What it means to make learning personal (and what it takes)

We need to replace traditional learning, which is no longer fit for purpose, with personal learning where learners forge unique learning paths.
When I was at school – particularly during my teenage years – there was an internal narrative that repeatedly entered my psyche which I imagine many people might relate to. It went something along the lines of, ‘I cannot wait to leave school so I don’t have to learn anymore.’

Thankfully with hindsight, I have managed to make peace with my rebellious self, but it took years to fully acknowledge the impact that traditional learning had on me. I can’t help but reflect on what my experiences might have been like had learning been more personal and meaningful to me – something that all individuals would likely find much more empowering and motivating than the existing system which continues to narrow learning opportunities to suit those who thrive in rote learning models or those with a propensity towards mundane, repetitive tasks.
Conforming to traditional methods and the lack of personal learning

I recall at the beginning of my Primary 3 (age 6/7) noticing a difference in teaching style from the previous year; by this stage most of our learning occurred sitting behind a desk. Forget about play; that was for Kindergarten and Primary 1 and 2 learners, and we were big boys and girls now. Primary 3 was also the year in my culture where testing became part of the norm and I recall sensing the emerging hierarchy forming among my peers. Expectations – be they high or low – locked individuals into groups where they became labelled according to ability and behaviour. And we all knew our place in this perverse system. I would count up the number of years of tests I had left to sit before I was free – the many years ahead seemed bleak to a six year old!

As those years rolled on, and the repetitive conveyor belt of learning ensued, burnout, disengagement, disinterest and detachment increased within me more and more. I was so bored! I would prefer to spend my time during most classes staring out the window and while I acknowledge the flaw in my own character for this seemingly low attention span, I will argue the point that research does show individuals disengage from listening after seven minutes of continuous talking. It is likely that politeness and a conformist culture played a huge part in the passive listen-to-learn model that pervasively embeds itself in many learning communities and cultures around the world, like crawling ivy choking the very bricks and mortar of learning itself. And of course there were those learners labelled ‘badly behaved’ because they could not conform to sitting and listening for long periods of time; but why should they?
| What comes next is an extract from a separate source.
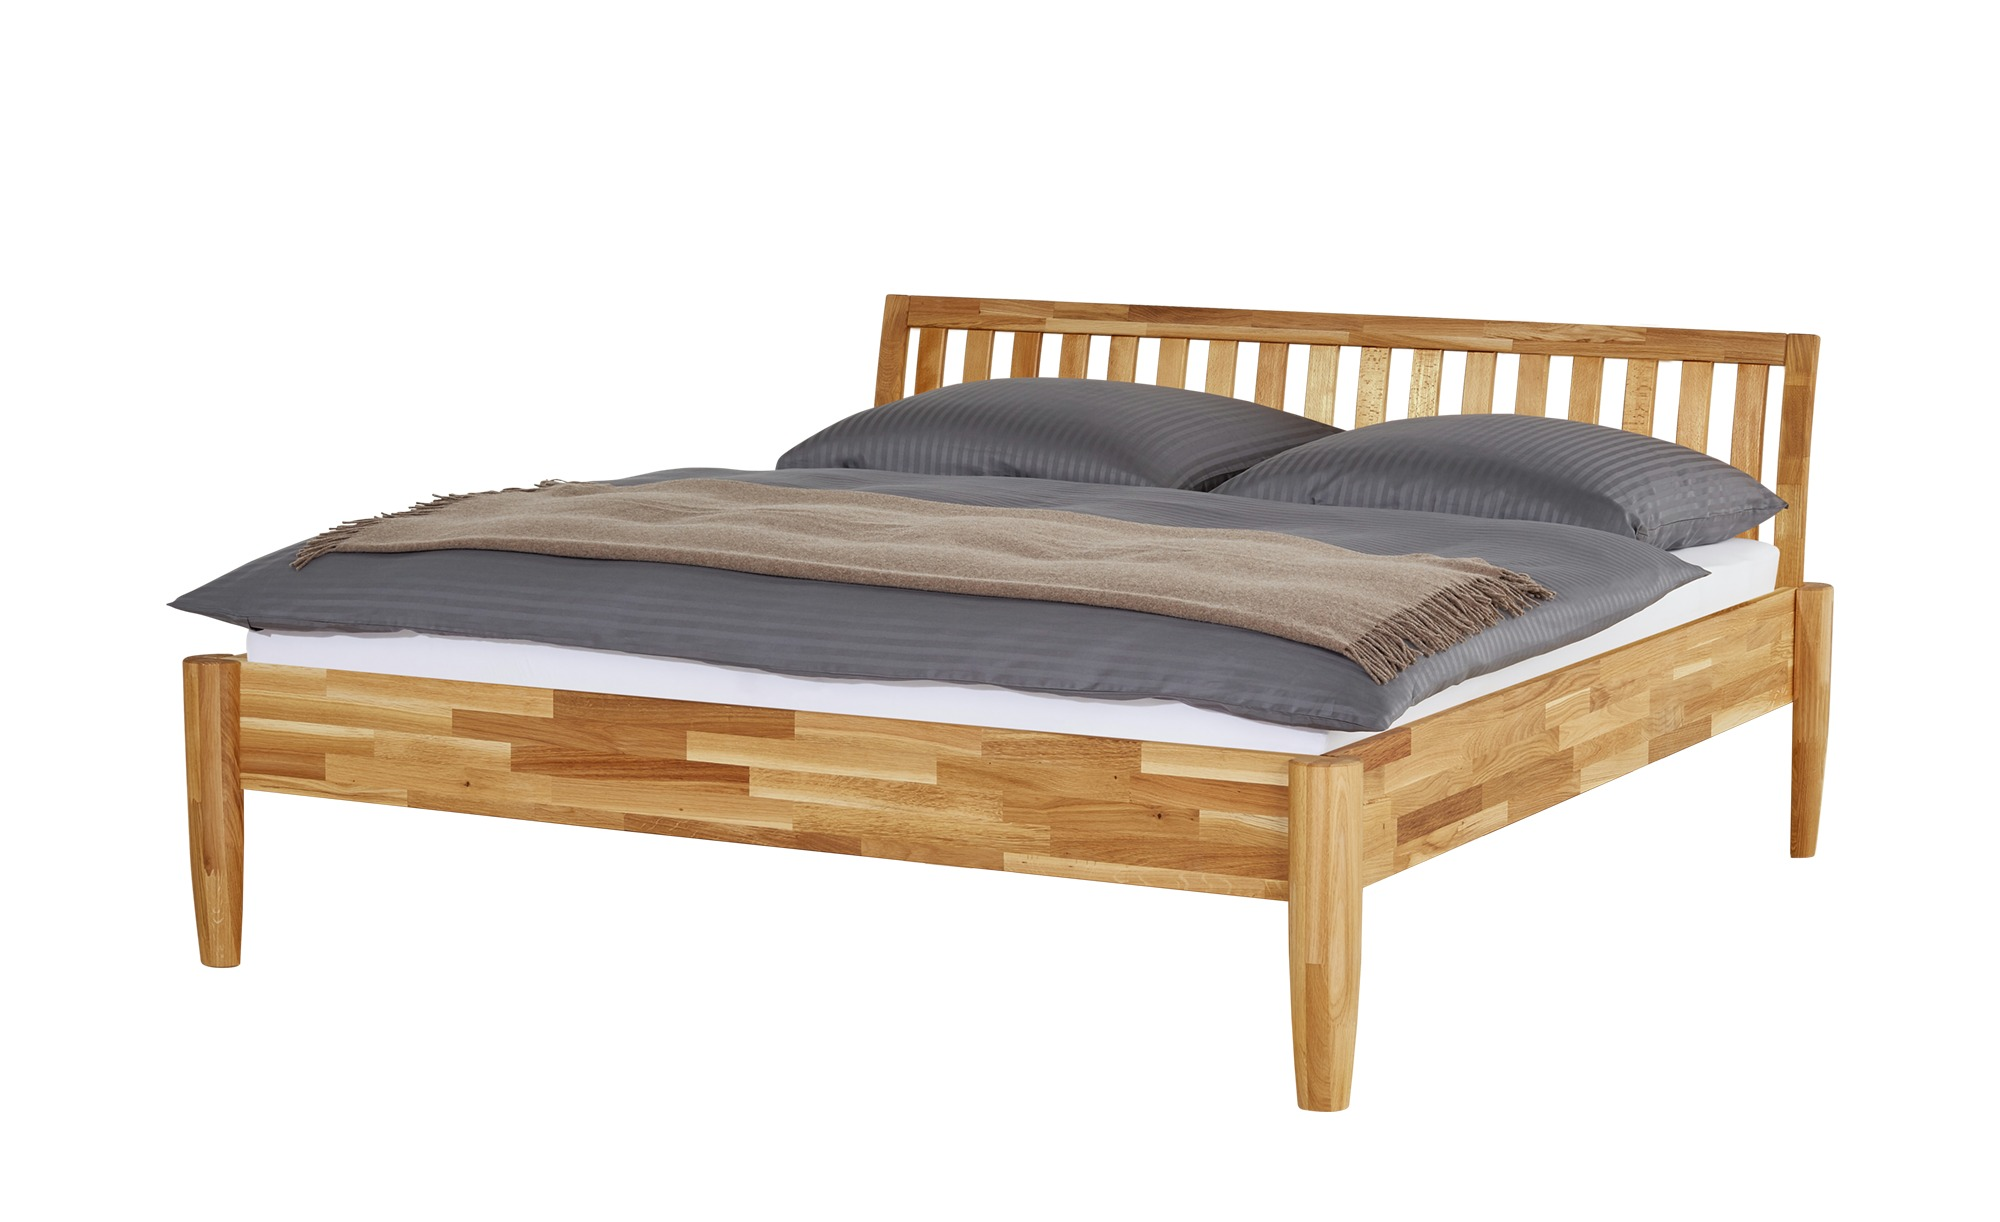 Massivholz-Bettgestell  Timber ¦ holzfarben ¦ Maße (cm): B: 196 H: 93 Betten > Futonbetten - Höffner | Schlafzimmer > Betten > Futonbetten | Möbel Höffner DE

Emerging from school I wrestled with some existential questions; was there something wrong with me? Why did I not want to learn? Why was I so bored? Was I different? I inherited negative associations with learning long after I had left.
Shifting community mindsets and expectations towards personal learning

Fast-forward some years after leaving school and would you believe the great irony – you may have guessed – I became a teacher! I entered into the system as an elementary practitioner, acknowledging its flaws and determined to make a positive change. While I did my best to provide a learning environment that offered learners the opportunity to learn in a variety of ways and even empower them to design their own learning when possible, the stranglehold of standardised assessment forced my hand out of continuing to work in a job that I grew to love (the kids, the connections, the community) but ultimately felt disenfranchised by because I felt I was failing the kids – this time as an educator.

During my years of professional practice, I came to empathise more – and still do – with the pressure teachers face in delivering the same content to learners of varied abilities and interests through mandated curricula. It is this very pressure that calls into question whether schools do kill creativity and remove the fun from learning. And as we enter into what I sense is a new era and narrative for learning, I feel that the most important thing we can offer emerging generations of young learners is communities where they are placed at the centre of their own learning, and where educators can become facilitators in the truest sense of the word; free to coach and guide learners on their own uniquely designed personal learning paths free from the constraints of a standardised assessment model that is no longer fit for purpose. This is personal learning, which we at Learnlife advocate for and believe the world is ready for it.